VICTORIA: I feel the same. Australia doesn’t get to do that very often except in a very classic or traditional way which, as you say doesn’t happen that often. And what you might see in Sydney may not be that strong because it really does take so much time and effort to create and do. And that’s where our training feeds into it. Because we are training as an ensemble … we’re sweating together… the Suzuki Method of Actor Training strengthens an ensemble very well and quickly. The physicality and the core work really does give it an amazing strength.
SAG: Ninefold has a two-year residency with PACT? (PACT Centre for Emerging Artists [Facebook])
VICTORIA: Yes, it’s new for PACT and it’s new for us. PACT have been really supportive of our company so there’s a weird, sort of coming home about it… nice to be back in that space. The residency is called atPACT and Ninefold Ensemble will be creating two productions a year. I can’t say yet what we will be doing but what’s been flagged in the group is really amazing.

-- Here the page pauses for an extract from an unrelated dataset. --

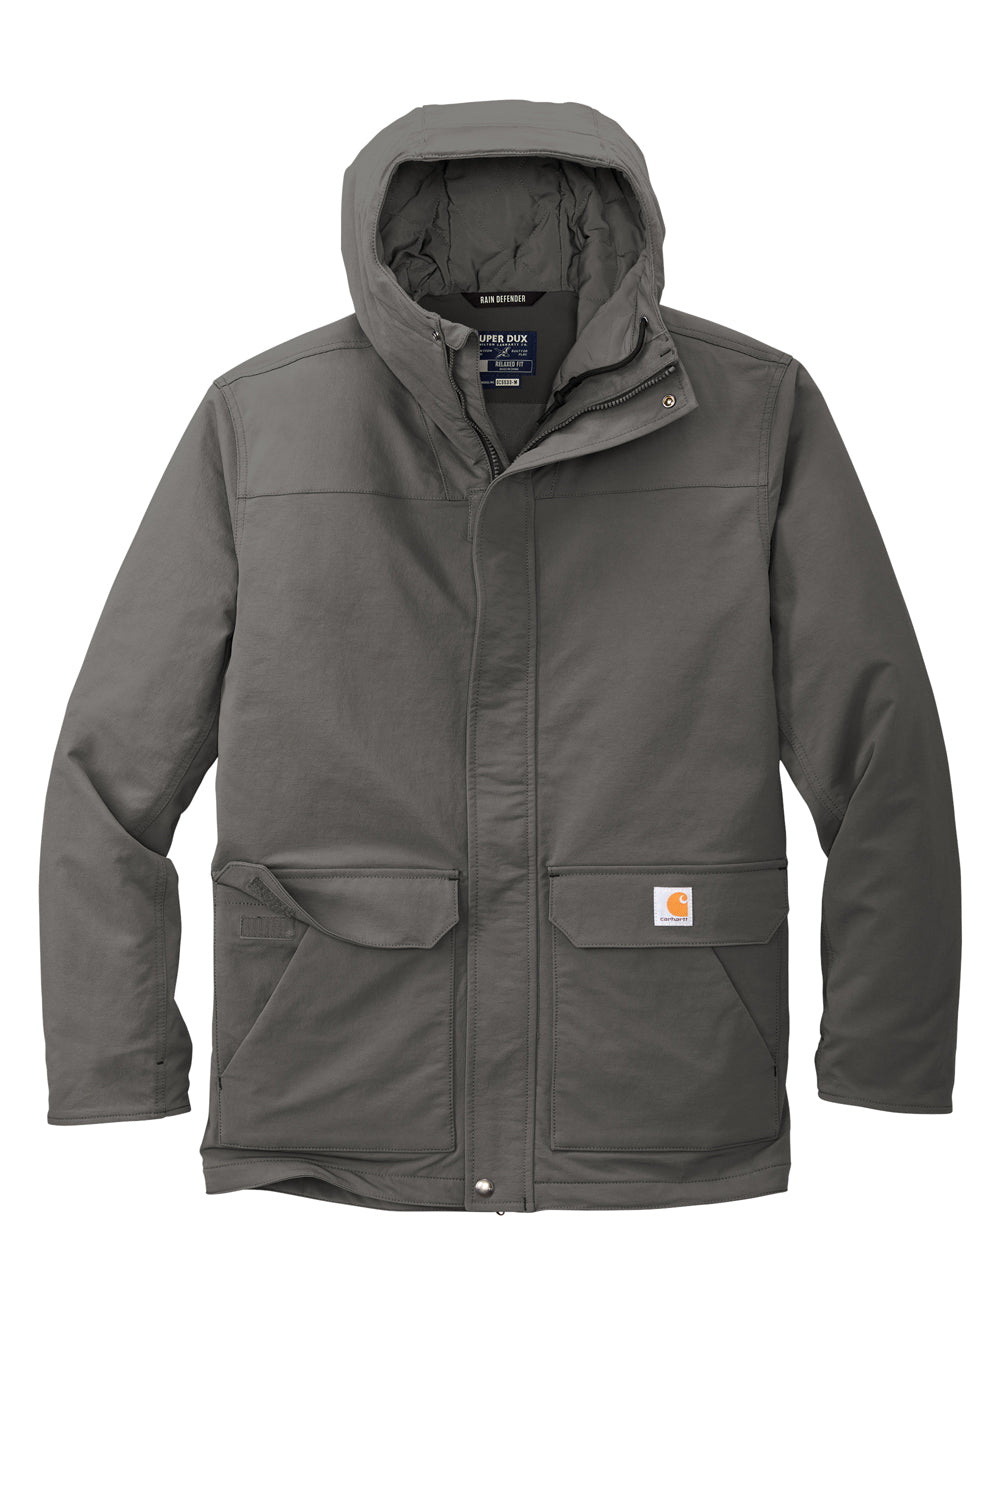 Carhartt CT105533 Mens Super Dux Wind & Water Resistant Full Zip Hooded Jacket Gravel Grey Flat Front

SAG: I’m really looking forward to this show, I saw the Suzuki company perform THE TROJAN WOMEN many many years ago at the Opera House and the images, like the full lighting grid slowly coming down on top of the performers, is still visually imprinted. Best of luck to you and the ensemble for the rest of the rehearsal period.
The cast of is made up of the current members of the Ninefold ensemble: Aslam Abdus-samad (Tragedy of Antigone, Debris – LZA Theatre); Erica J Brennan (The Tragedy of Antigone); Jessica Dalton (Blackstrap Molasses –Sydney Fringe); Victoria Greiner (Tragedy of Antigone); Matthew L Heys (Woyzeck - Pasvolsky Studio); Melissa Hume (Bluebeard – Lies, lies and Propaganda); Gideon Payton-Griffiths (Tragedy of Antigone); Shane Russon (Three Sisters - Sport for Jove); Brigid Vidler (Do Something Else Old 505 Theatre); Tabitha Woo (A Westerner's Guide to the Opium Wars); Paul Musumeci, Luke Yager and Stella Ye. Shy Magsalin as director, (The Tragedy of Antigone, Room, member of the International Suzuki Company of Toga); Liam O’Keefe (The Tragedy of Antigone) as lighting designer; production design by Victor Kalka; and an original score by Melanie Herbert (Room, member of Splinter Orchestra).